> [PROBLEM DESCRIPTION]
Copy the listing verbatim, excluding any images found in it.
### PROVIDED ENTRIES
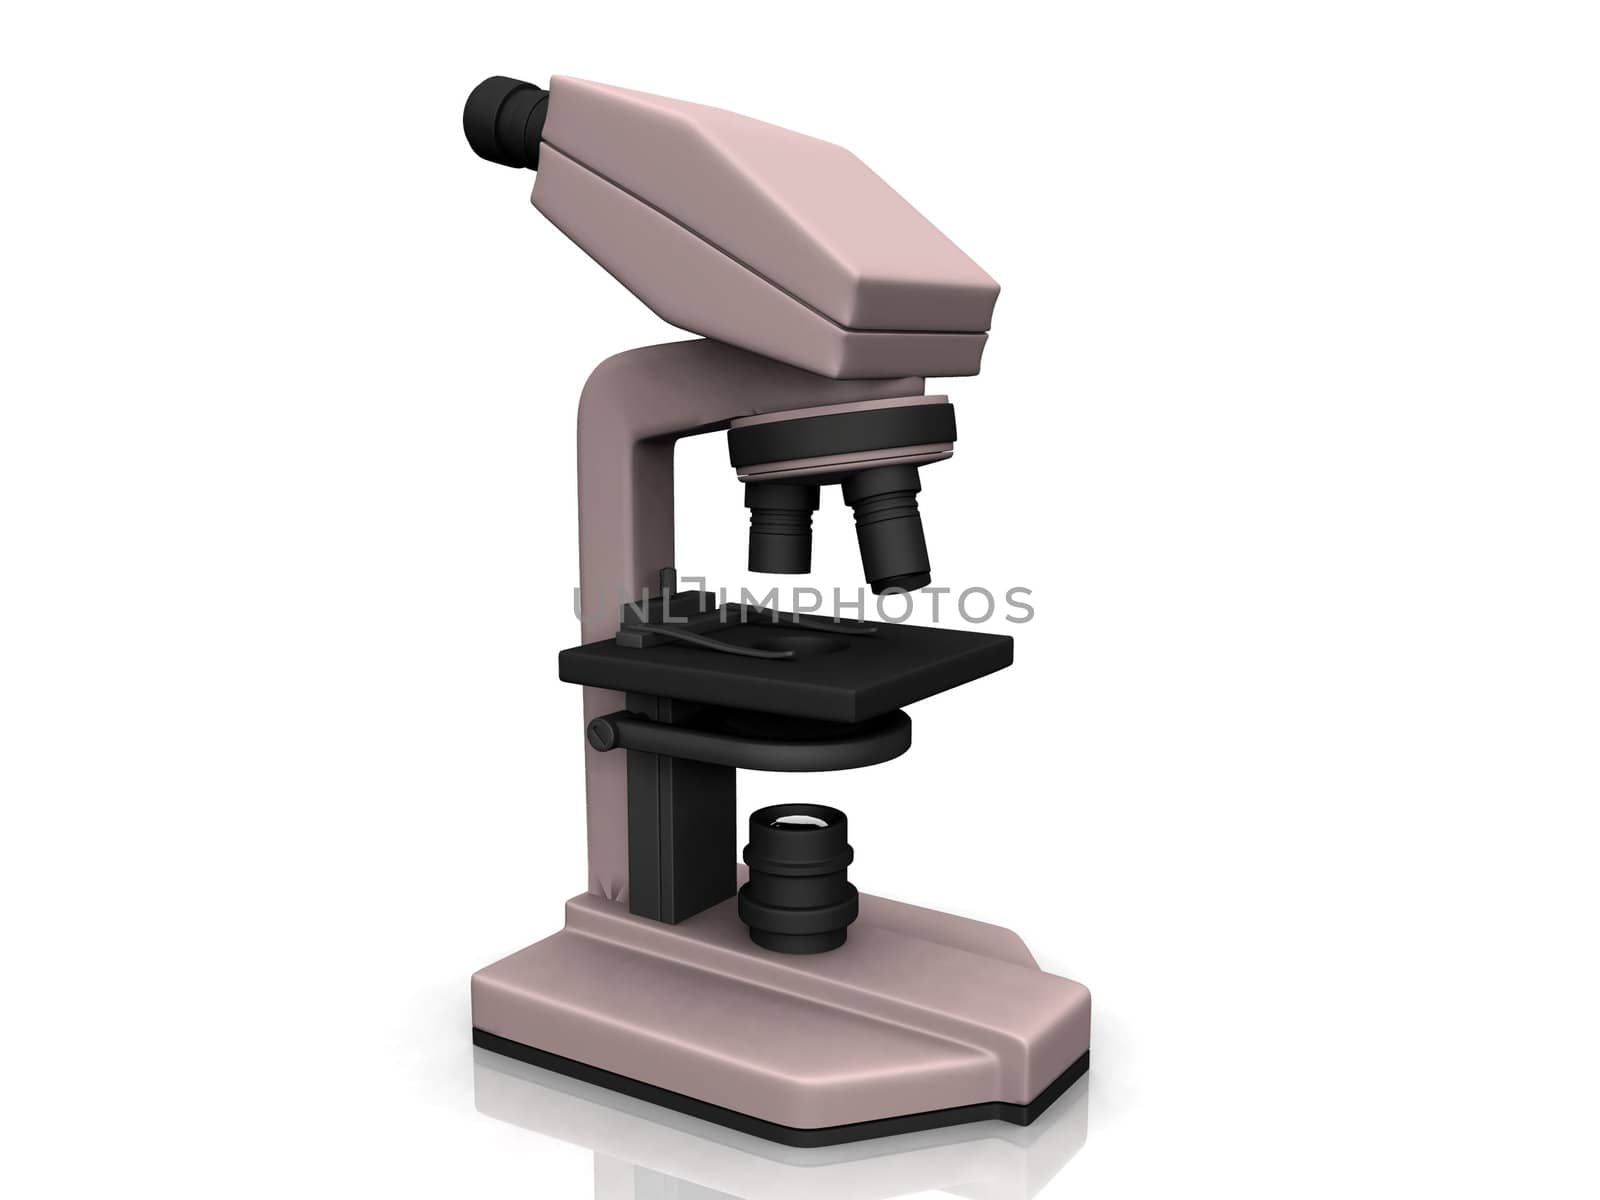 the microscope
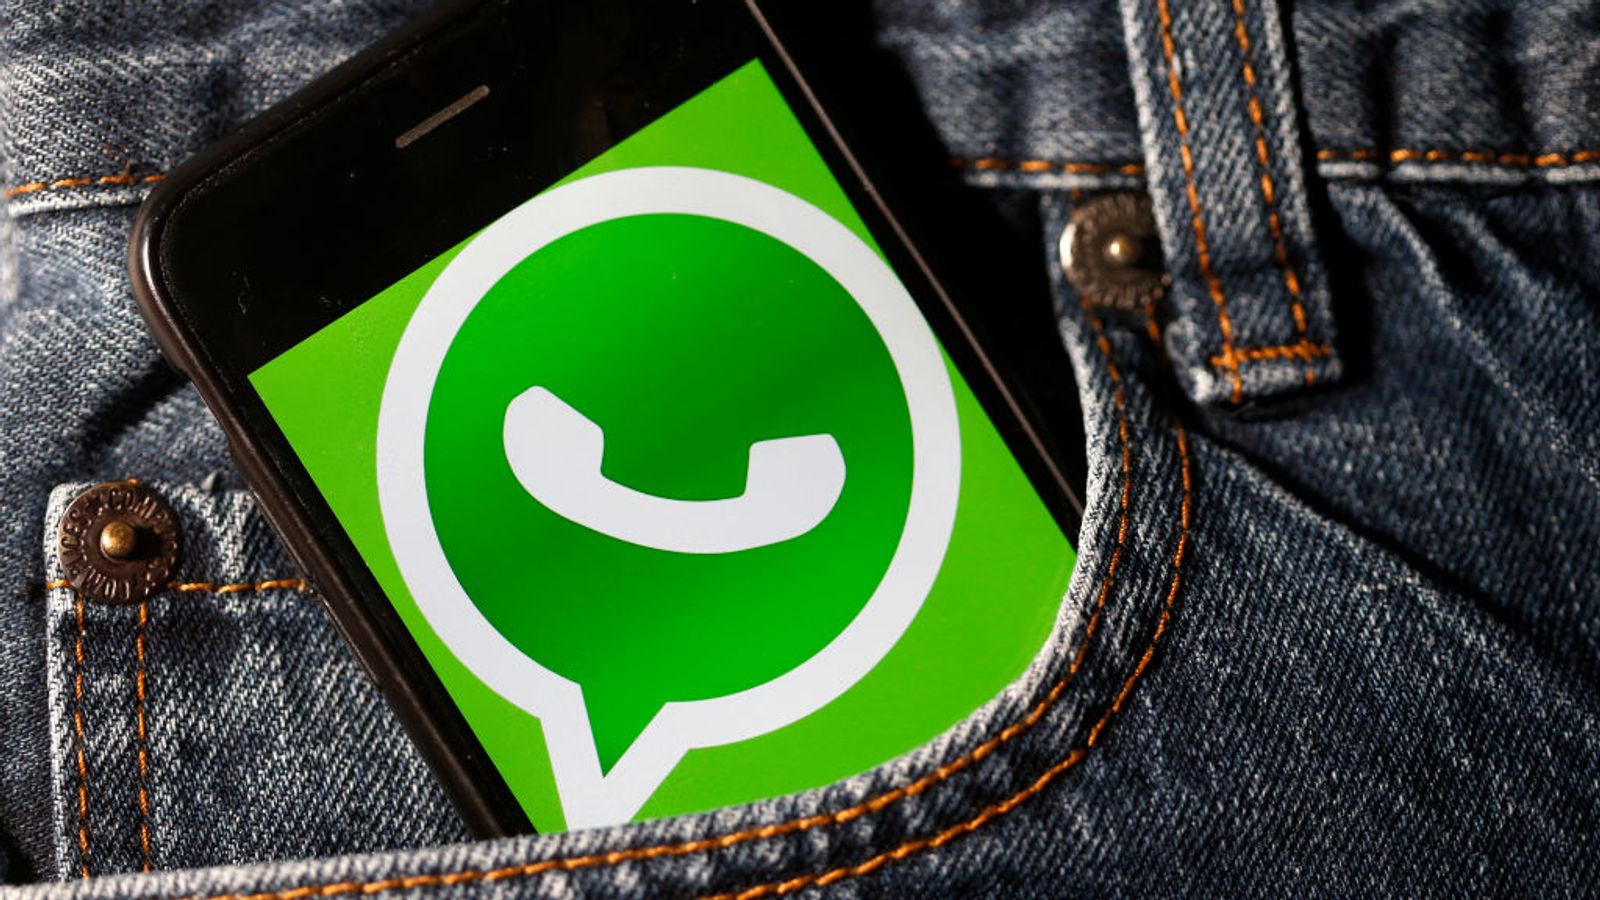 WhatsApp hack: Tech giants unite against spyware company NSO Group
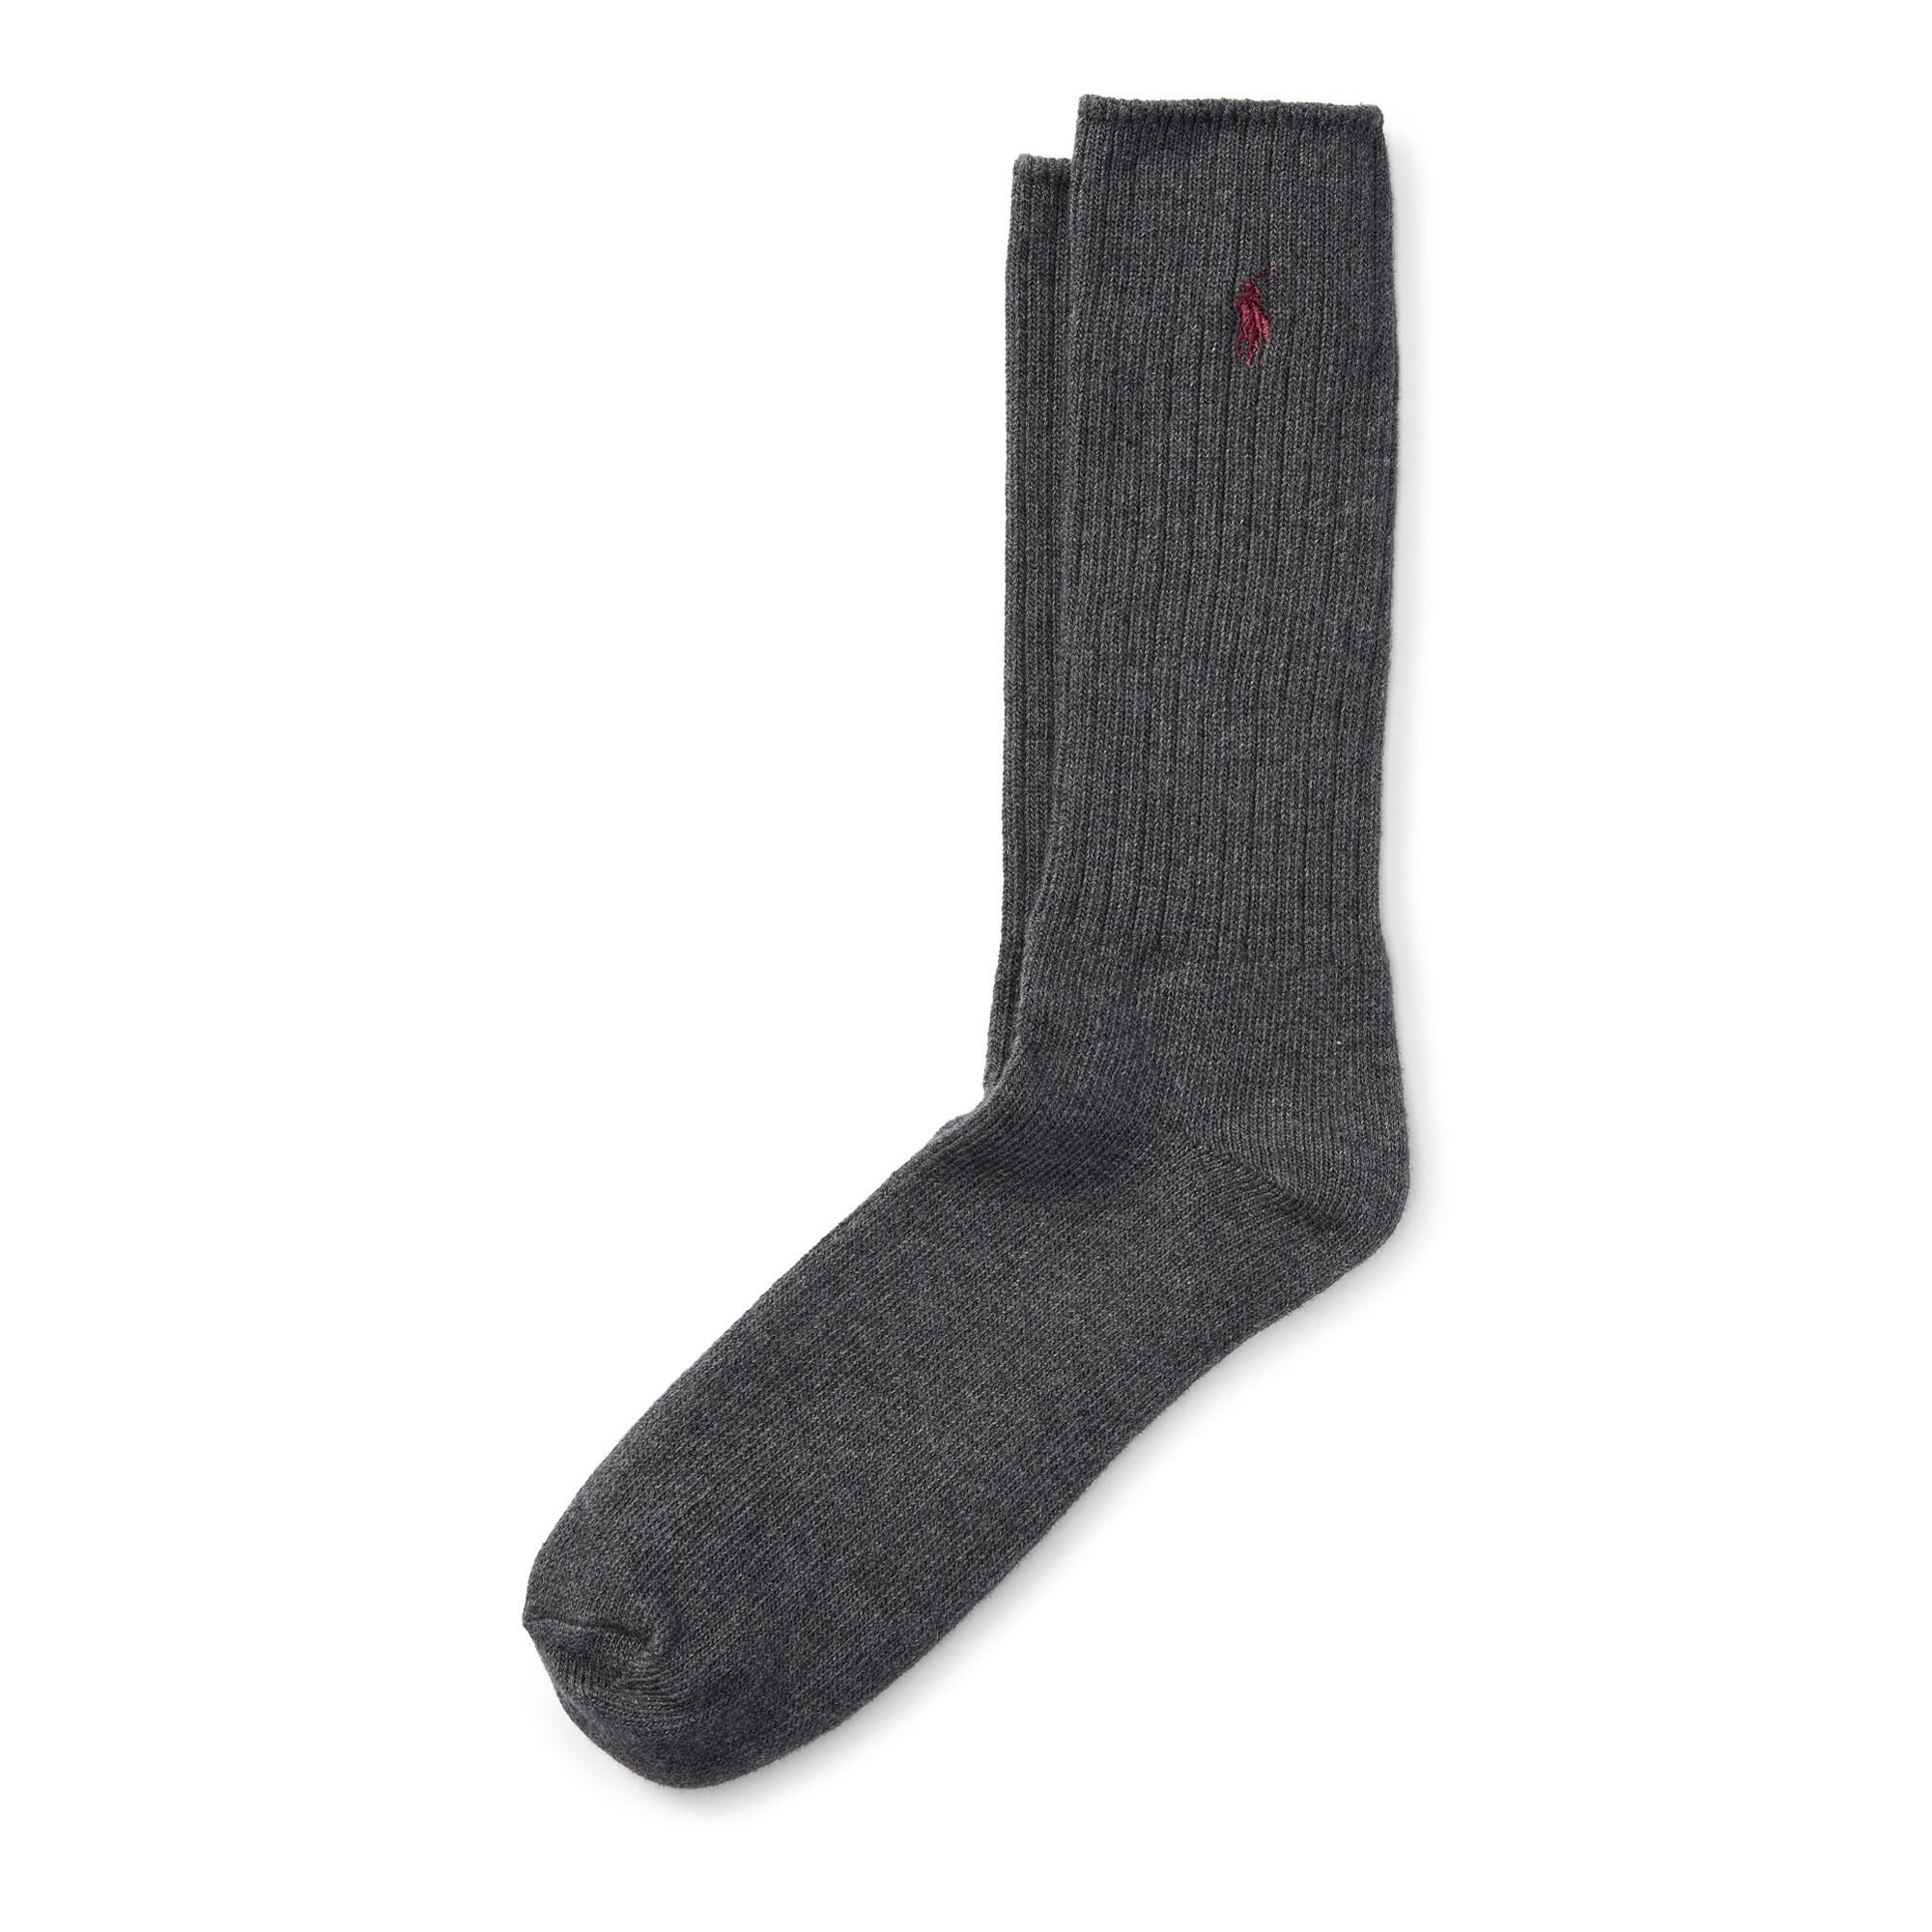 Polo Ralph Lauren Cotton-blend Crew Socks in Charcoal (Gray) for Men - Lyst
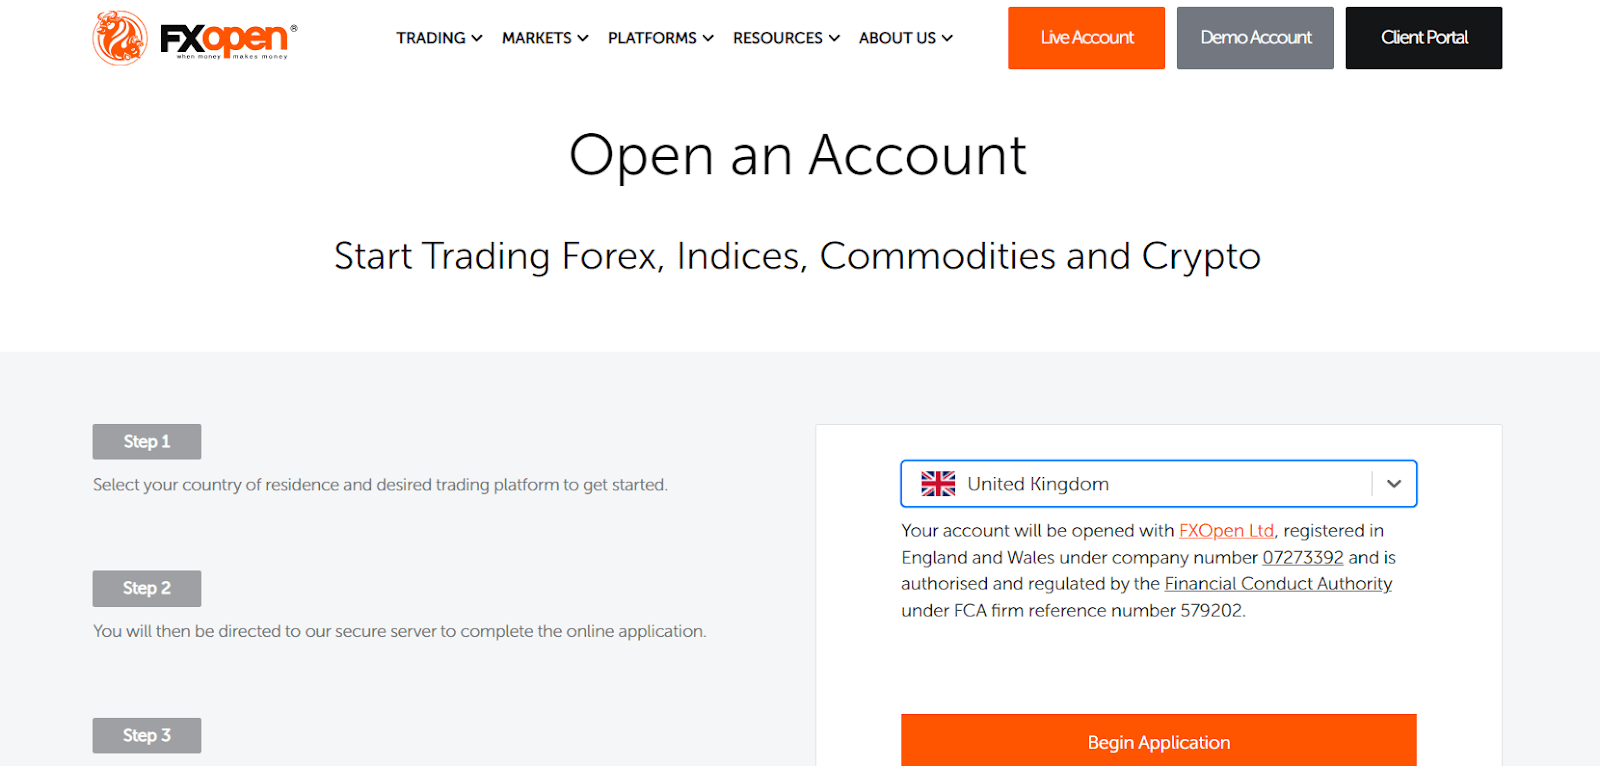 Review of FXOpen’s User Account — Open an account
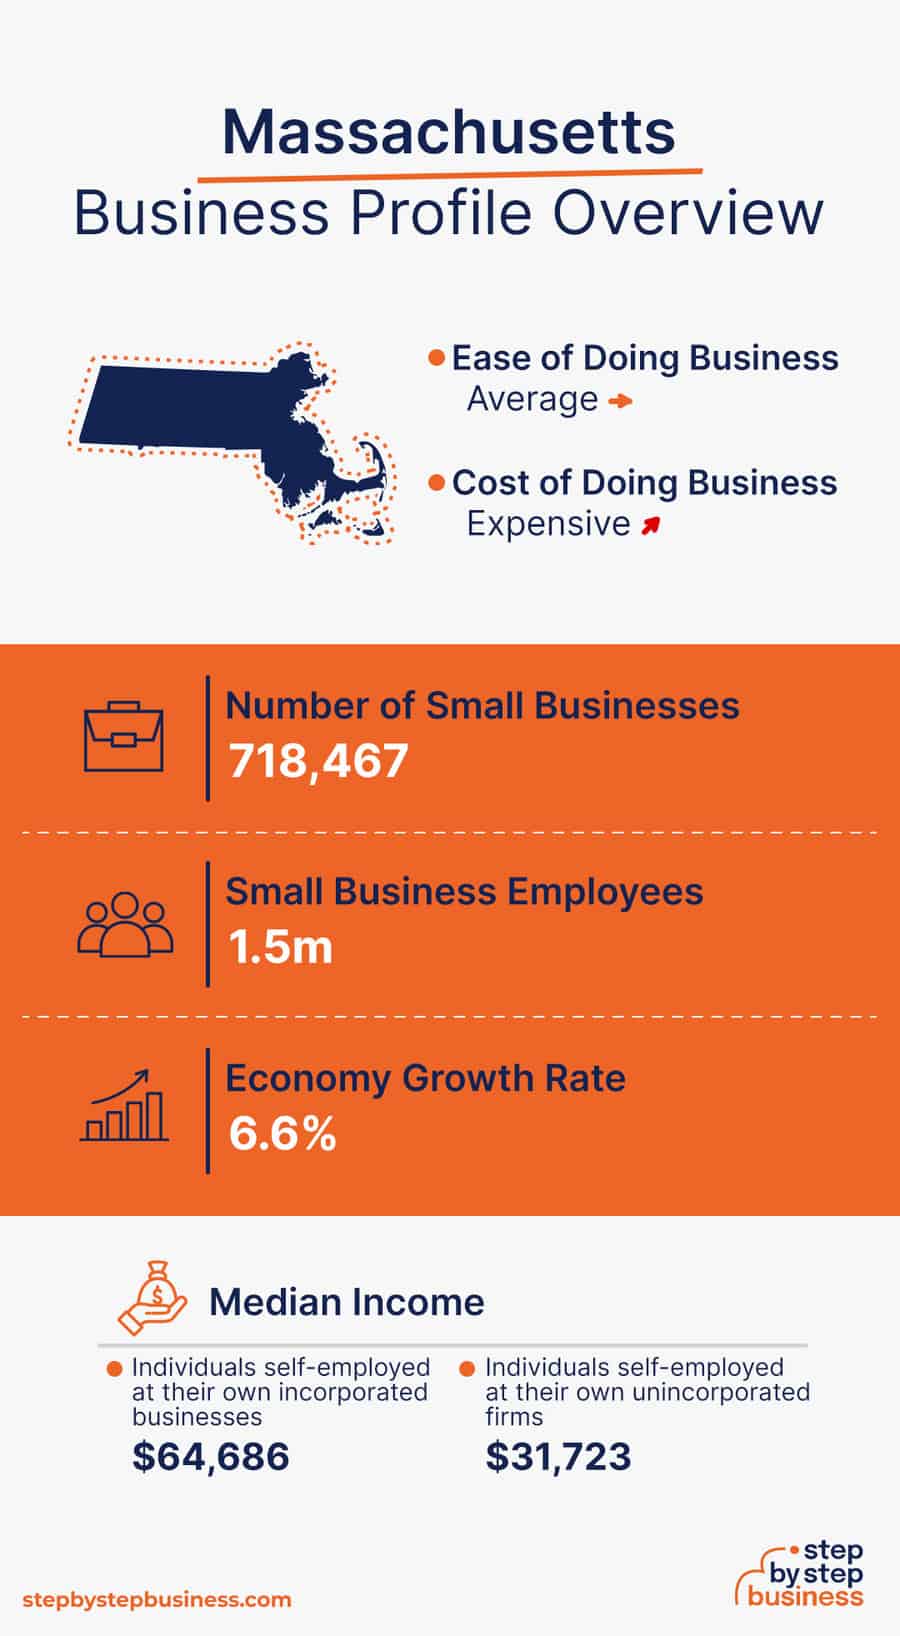 Massachusetts Business Profile Overview
######
> [REPLY]
 the microscope
 WhatsApp hack: Tech giants unite against spyware company NSO Group
 Polo Ralph Lauren Cotton-blend Crew Socks in Charcoal (Gray) for Men - Lyst
 Review of FXOpen’s User Account — Open an account
 Massachusetts Business Profile Overview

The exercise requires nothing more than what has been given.